Pre-rifled matchlocks were still good. The problem with archery was that you would need someone to be practicing archery their whole entire life to be competent. Hence other Europeans not even bothering with them as time went on and just fielded them from English mercenaries that still practiced them. see: the White Company (which actually served as the inspiration for Kentaro Miura in his kooky picture book about a band of mercenaries).
the romans countered them with these guys and the effectiveness of the phalanx was subject to the terrain so any competent strategist would always do their best to engage them in uneven terrain where skirmishers have an advantage and the phalanx has a disadvantage
>turn up for war
>toss three spears
>go home
>go home
How lmao, at best you're going back to your designated javelin pile to throw more or joining in the melee.
>sneaks into your castle
>opens the gate
pssssssh nothin personnel kid
The same, but with cubes of pineapple and cheese on the sticks.
Close Air Support.
Why didn't anyone just make like a huge wooden wedge? Just have a few soldiers keep two large pieces of wood nailed together, and have them walk into the phalanx - bam, formation broken and ripe for picking.

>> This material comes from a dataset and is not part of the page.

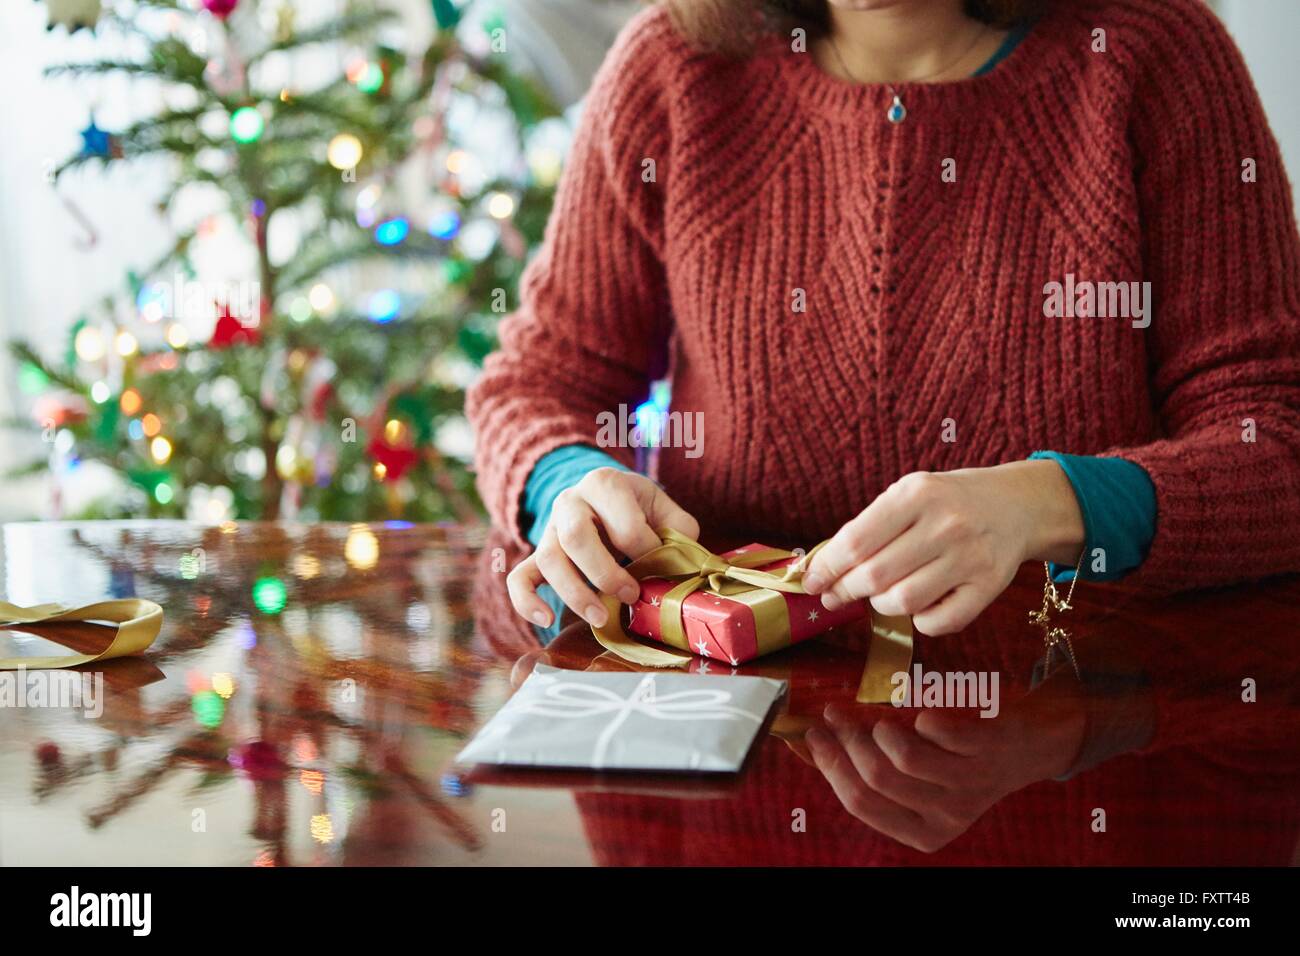 Cropped shot of woman wrapping xmas gift at table Stock Photo

And then what? Be surrounded by a phalanx?
Are you stupid? Obviously the wedge is big enough to protect you.
No, have other units destroy the broken formation - the wedge isn't doing the fighting.
What other units? You've dedicated possibly a hundred men to carrying a giant fricking wedge. If you already outnumber the enemy, why bother with the wedge?
No, the point is the wedge protects the people inside, you don't need to use too many to drive it in. And a broken formation would fold to smaller units that held their formation. A numerical adventage isn't necessary.
also actually, getting surrounded wouldn't even be that much of an issue, the phalanx soldiers have massive long pikes that are virtually useless without a formation, it's not like they can poke the people inside. They'd need to drop them to engage with whatever side weapon they have, which would just make them vulnerable to anyone outside.
A phalanx can open up to "receive you" then close to surround you for the other men to chop you down, anon. That's how they dealt with chariots and such.
t. anon that wants his men slaughtered for encirclement for the lulz
they did, except instead of wooden planks they used lines of human soldiers instead.
wedge formation is broken
Magic
molotov wienertails(or the medieval equivalent) to disrupt formation, horse archers to pick them off while they disperse, then send on the goon squad to clean up the rest
Ever heard of UGM-133A Trident II, son?
In Field of Glory II, I found that a late English army works well against these. I did pretty poorly using knightly armies against Seleucids and their infantry gets completely rolled by falangites while the knights Rely too much on RNG for my taste.
>builds a ramp to your impenetrable fortress
What now?
Gather our most cowardly soldiers and make them slick the ramp with their nervous liquid shit
Jesus how horrifying. Did no one stop them from building a hihgway in front of their noses?
who can exactly stop them
Them.
The city that they're sieging?
The israelites inside the fortress actually comitted sudoku when they saw they had no chance.
That was one narrative of a israeli historian but some archeologists found out that some if not more still fought but it didn't matter because Romans were fricking furious. The suicide angle was made to make the israeli rebels look more heroic.
That ramp took about three years to build with Romans taking great care to surround the entire place as it was the last place all the rebels gathered. So unless the israelites can magically fly out of there, they aren't going anywhere since Romans issued to kill them all on-sight.
>three years
Two months*
They built the ramp during the israeli revolt, so the phrase would be right under their noses.
>Me in the middle of the formation letting out the nastiest stinkiest fart
So to close it out, Caesar defeating Pompey is one of the best examples on how logistics doesn't exactly win you wars since the latter was a master at it.